Assise

A une journée de route de Toulon, après la traversée de la Toscane via Florence (« Firenze »), vous atteindrez la région d’Ombrie (« Umbria ») fertile pour les oliviers et les vignes, puis le centre montagneux de l’Italie où se niche Assise (« Assisi »), ville qui continue de se relever du tremblement de terre de 1997 – même la basilique Saint-François n’a pas été épargnée, cependant « Là où il y a le désespoir, que je mette l'espérance », aurait dit « Giovanni di Pietro Bernardone » – Saint François – natif d’Assise vers 1181 ( † 3 octobre 1226).

Saint François

Si les historiens évoquent une jeunesse dissipée et la difficile relation avec ses parents, nous retiendrons –

  • que le discernement du futur saint résulte des épreuves telles la prison ou la maladie ;
  • qu’avec la fondation de l’Ordre des frères mineurs (« Ordre franciscain ») il concrétise son engagement dans la vie religieuse ;
  • qu’avec l’initiative du dialogue interreligieux auprès des musulmans en Égypte en 1219 il se fait connaître et apprécier hors de l’Église catholique ;
  • qu’avec son reniement pour les tentations temporelles, il se tourne vers la pauvreté, le travail manuel, la compagnie des malades, et la prédication.

Ainsi toute l’œuvre de Saint François nous exprime sa compréhension de l’Évangile et, sur son exemple, nous invite à poursuivre notre marche dans les pas du Christ. Saint Jean Paul II l’avait bien compris, qui par les « Rencontres d’Assise », a œuvré pour la « Prière pour la paix » dès 1986.

Le pèlerinage a été l’occasion de développer les sujets mentionnés rapidement ci-dessus, mais aussi d’évoquer : Sainte Claire d’Assise et Sainte Agnès d’Assise, deux disciples de Saint François ; son influence sur un siècle de scoutisme en Europe ; ou à propos du regard de l’homme sur les animaux, créatures de Dieu ; ou encore sur l’écologie comme le note Saint Jean Paul II dans sa lettre apostolique « Inter sanctos praeclarosque viros » en 1979 ; sans oublier Pape François, lequel a choisi son nom en référence à la pauvreté et l’humilité prêchées par Saint François, et a titré sa première encyclique « Laudato si’ », ce qui référence directement le début du « Cantique des créatures » écrit par Saint François.

Certainement, quelques unes des règles de vie des Franciscains nous semblent peu tolérables aujourd’hui, quand elles s’appuient sur une lecture littérale de phrases de l’Évangile.

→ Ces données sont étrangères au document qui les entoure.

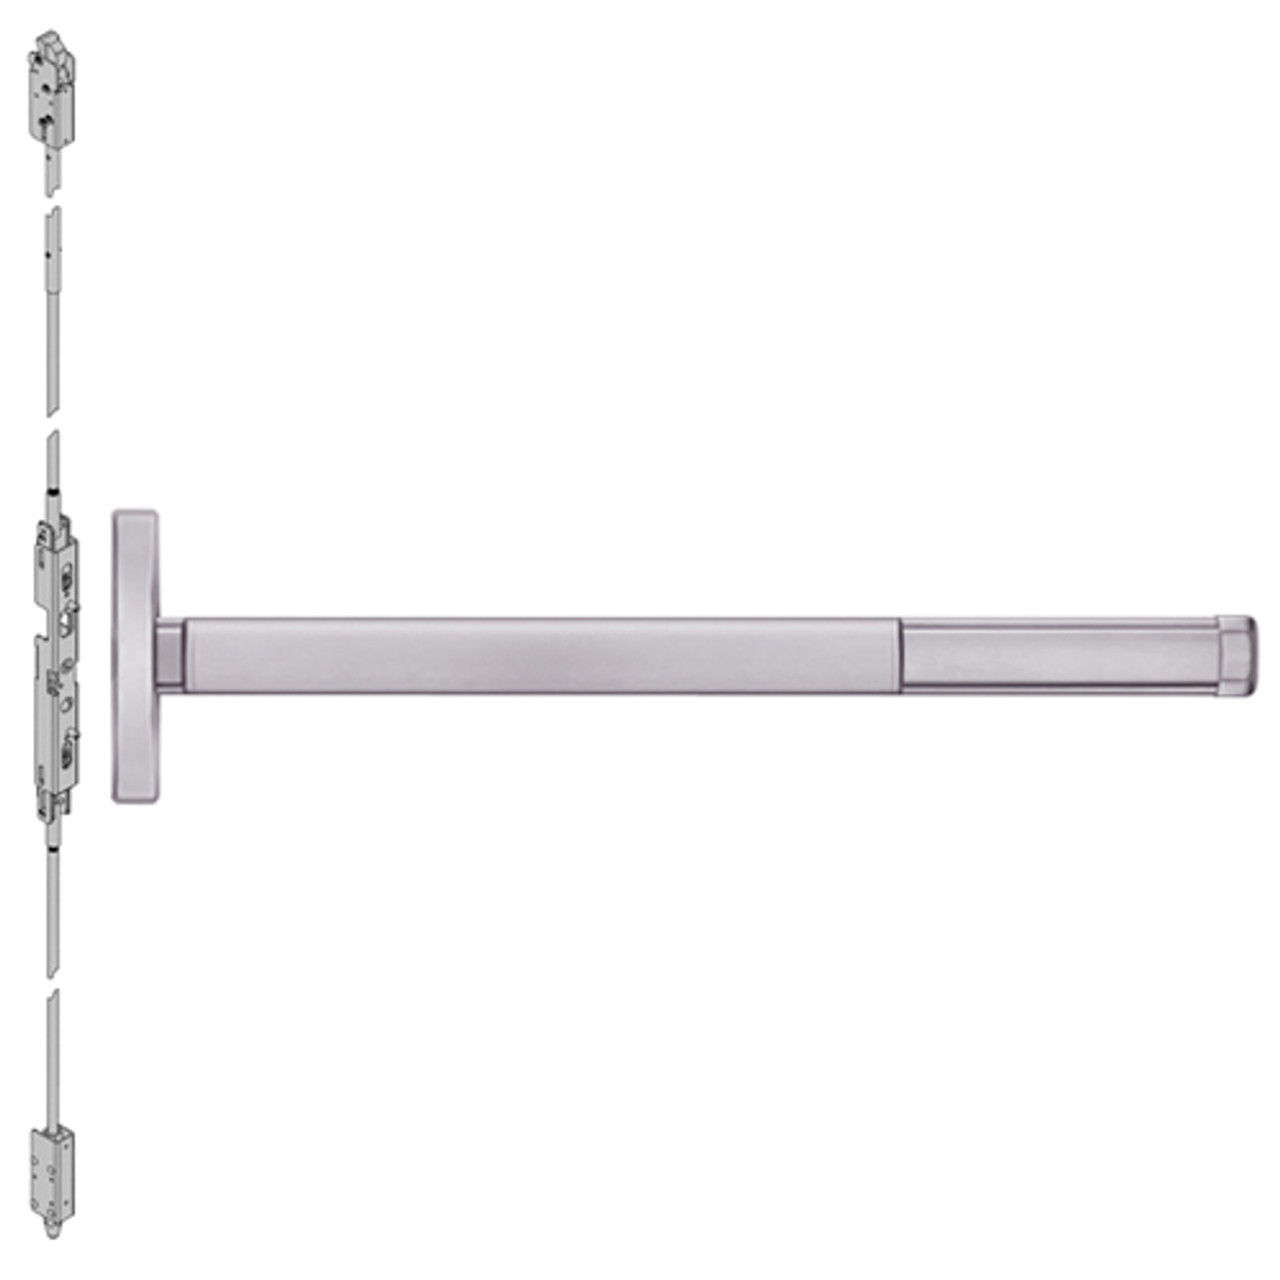 2608LBRCD-630-48 PHI 2600 Series Non Fire Rated Concealed Vertical Rod Exit Device Prepped for Key Controls Lever with Cylinder Dogging and LBR in Satin Stainless Steel Finish

Pourtant l’esprit de Saint François contribue à donner sens à notre passage éphémère sur la terre, en offrant les conditions de la recherche du spirituel, laquelle débouche sur la rencontre personnelle de Dieu dans sa vie ; et en désirant la conversion de tous pour bâtir un monde de justice et de paix.

Le Père habite une lumière inaccessible, et Dieu est esprit, et personne n'a jamais vu Dieu. Puisque Dieu est esprit, il ne peut être vu que par l'esprit; car c'est l'esprit qui vivifie, tandis que la chair ne sert de rien. [Paroles d'admonition de Saint François]

Pourquoi être parti en pèlerinage ?

Partir en pèlerinage c’est se mettre en mouvement, se lever, ressusciter – Rappelons-nous le sens de la parabole du « Fils prodigue » qui multiplie de telles évocations :

Luc 15, 11-32 : [Le jeune fils] « partit », « alla se mettre au service », « Étant rentré en lui-même », « je me lèverai, j’irai vers mon père », etc. [Le père] « il courut se jeter à son cou », « Apportez », « l’en revêtez », « mettez-lui », « Amenez », « sortit », « le pria d’entrer ».

Partir en pèlerinage c’est déplacer la montagne que je suis devenu en quittant l’insouciance de l’enfance pour entrer dans le monde adulte – Rappelons-nous la puissance de la foi :

Matthieu 17, 20 « Je vous le dis en vérité, si vous aviez de la foi comme un grain de sénevé, vous diriez à cette montagne : Transporte-toi d'ici là, et elle se transporterait ; rien ne vous serait impossible. »

Partir en pèlerinage c’est, chemin faisant, rencontrer mes frères et sœurs en Christ ; c’est vivre une fraternité et découvrir qu’eux aussi se sont mis debout ; qu’ensemble réunis, quand nos talents propres s’expriment au service de la maison commune, nous formons le peuple incarnant le corps du Christ ressuscité :

Jean 11, 52 « Et ce n’était pas pour la nation seulement ; c’était aussi afin de réunir en un seul corps les enfants de Dieu dispersés. »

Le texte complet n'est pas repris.